Fundamentals
This section covers the core concepts and models in poisson-topicmodels, providing a deeper understanding of topic modeling and the different model variants available.
Fundamentals
Overview of Available Models
The poisson-topicmodels package provides several related models addressing different use cases:
Unsupervised Baseline
Poisson Factorization (PF): Discover topics without guidance or external information
Guided Discovery
Seeded PF (SPF): Incorporate domain knowledge through keyword priors
Covariate Modeling
Covariate PF (CPF): Model how topics are influenced by document-level covariates
Covariate Seeded PF (CSPF): Combine covariate effects with keyword guidance
Advanced Models
Text-Based Ideal Points (TBIP): Estimate author positions on latent dimensions
Embedded Topic Models (ETM): Integrate pre-trained word embeddings
Which Model Should I Use?
Your question: “I want to discover topics in my text data”

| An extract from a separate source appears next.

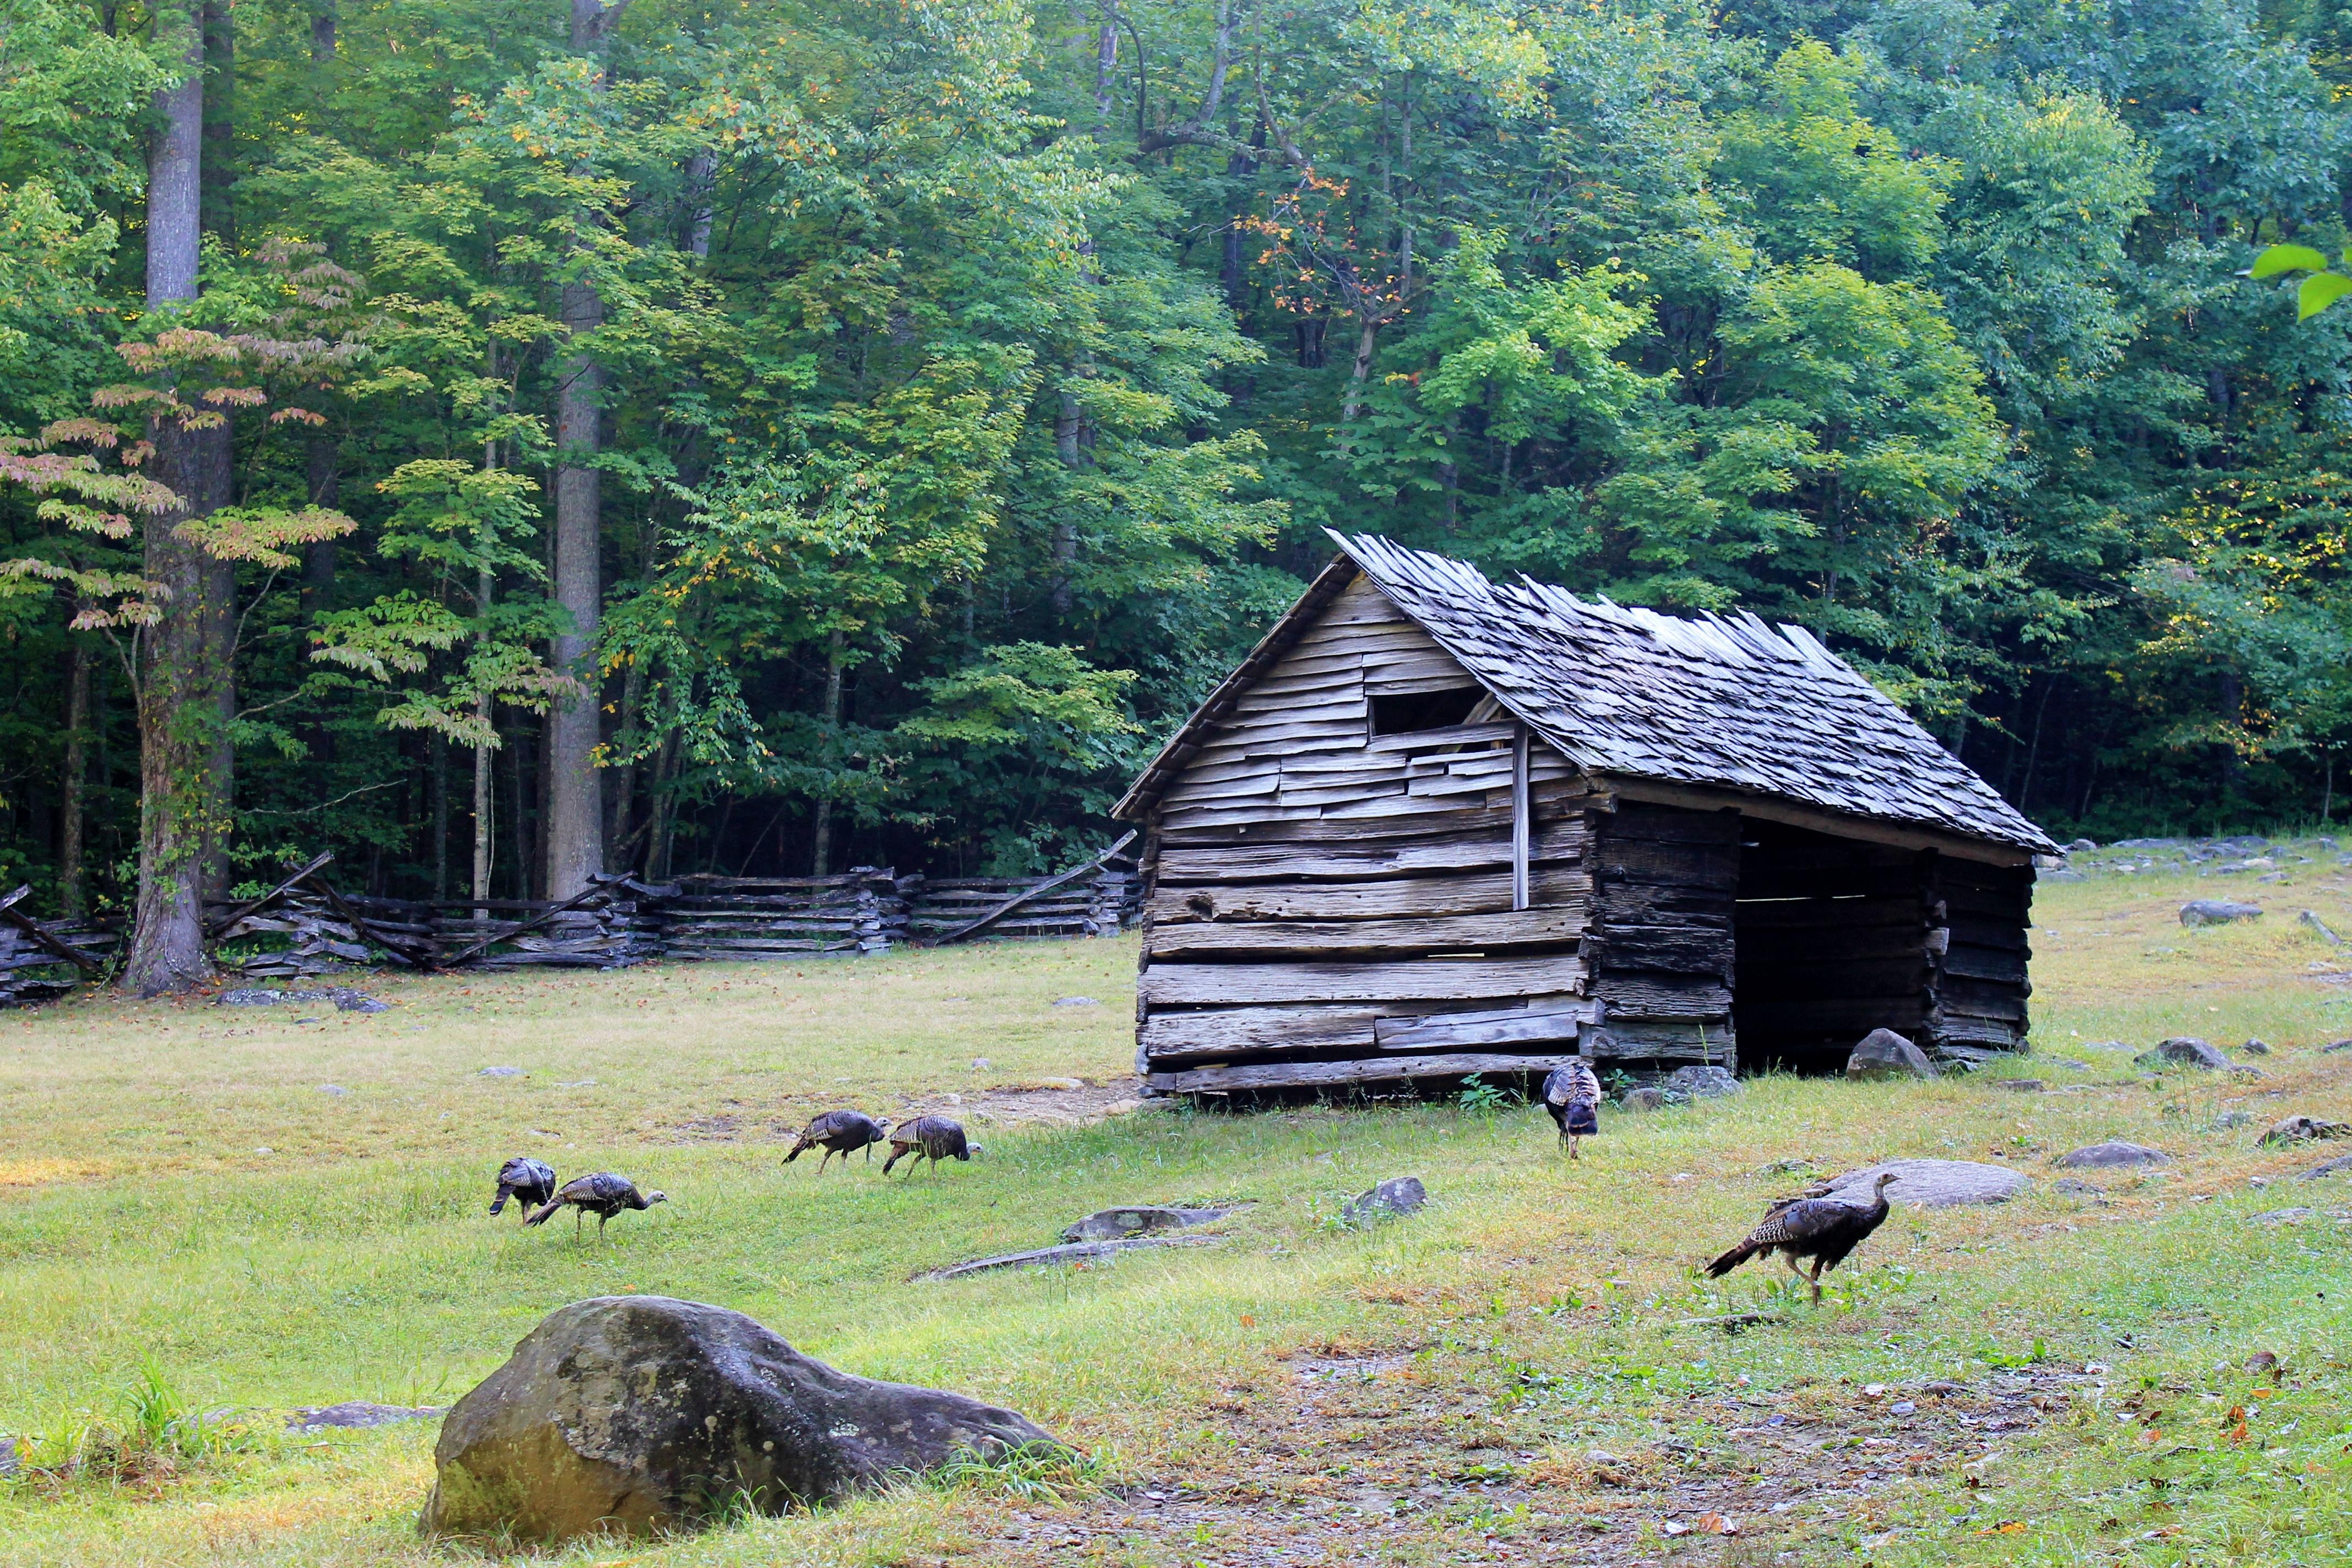 The Appalachian Trot

→ Use: Poisson Factorization (PF) or Seeded PF (SPF)
PF if you have no prior knowledge about topics
SPF if you can define some keyword seeds for expected topics
Your question: “I want to understand how topics vary by document attributes”
→ Use: Covariate PF (CPF) or Covariate Seeded PF (CSPF)

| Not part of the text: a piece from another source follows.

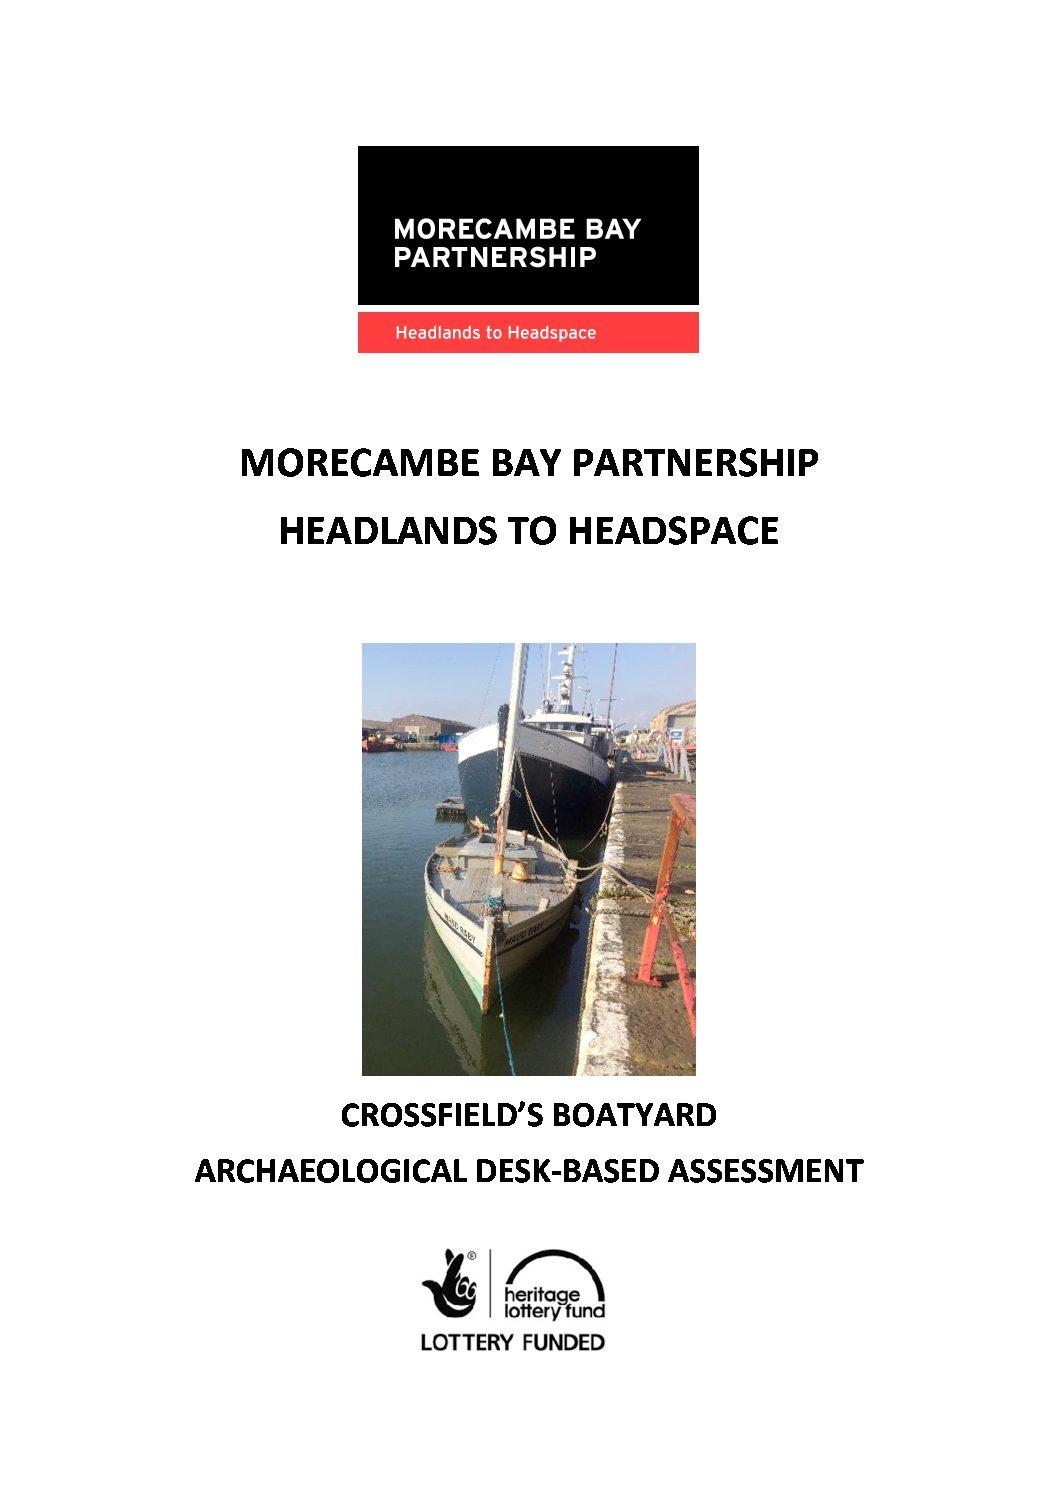 Crossfield's Boatyard Archaeological Desk-Based Assessment

Use when you have metadata (author, date, category) and want to model how topics are affected by these attributes
Your question: “I want to estimate author or speaker positions”
→ Use: Text-Based Ideal Points (TBIP)
Model ideal points (positions on a latent scale) based on language use
Useful for political polarization, sentiment analysis across authors
Your question: “I want to use pre-trained word embeddings”
→ Use: Embedded Topic Models (ETM)
Incorporates semantic information from embeddings like Word2Vec or FastText
Often produces more semantically coherent topics
Model Comparison Table
Model |
Unsupervised? |
Guides? |
Covariates? |
Embeddings? |
|---|---|---|---|---|
PF |
✓ |
|||
SPF |
✓ (guided) |
✓ |
||
CPF |
✓ |
✓ |
||
CSPF |
✓ (guided) |
✓ |
✓ |
|
TBIP |
✓ |
|||
ETM |
✓ |
✓ |
Common Patterns
All models in poisson-topicmodels follow a consistent API:
Create: Initialize with data and parameters
model = PF(counts=counts, vocab=vocab, num_topics=10, batch_size=32)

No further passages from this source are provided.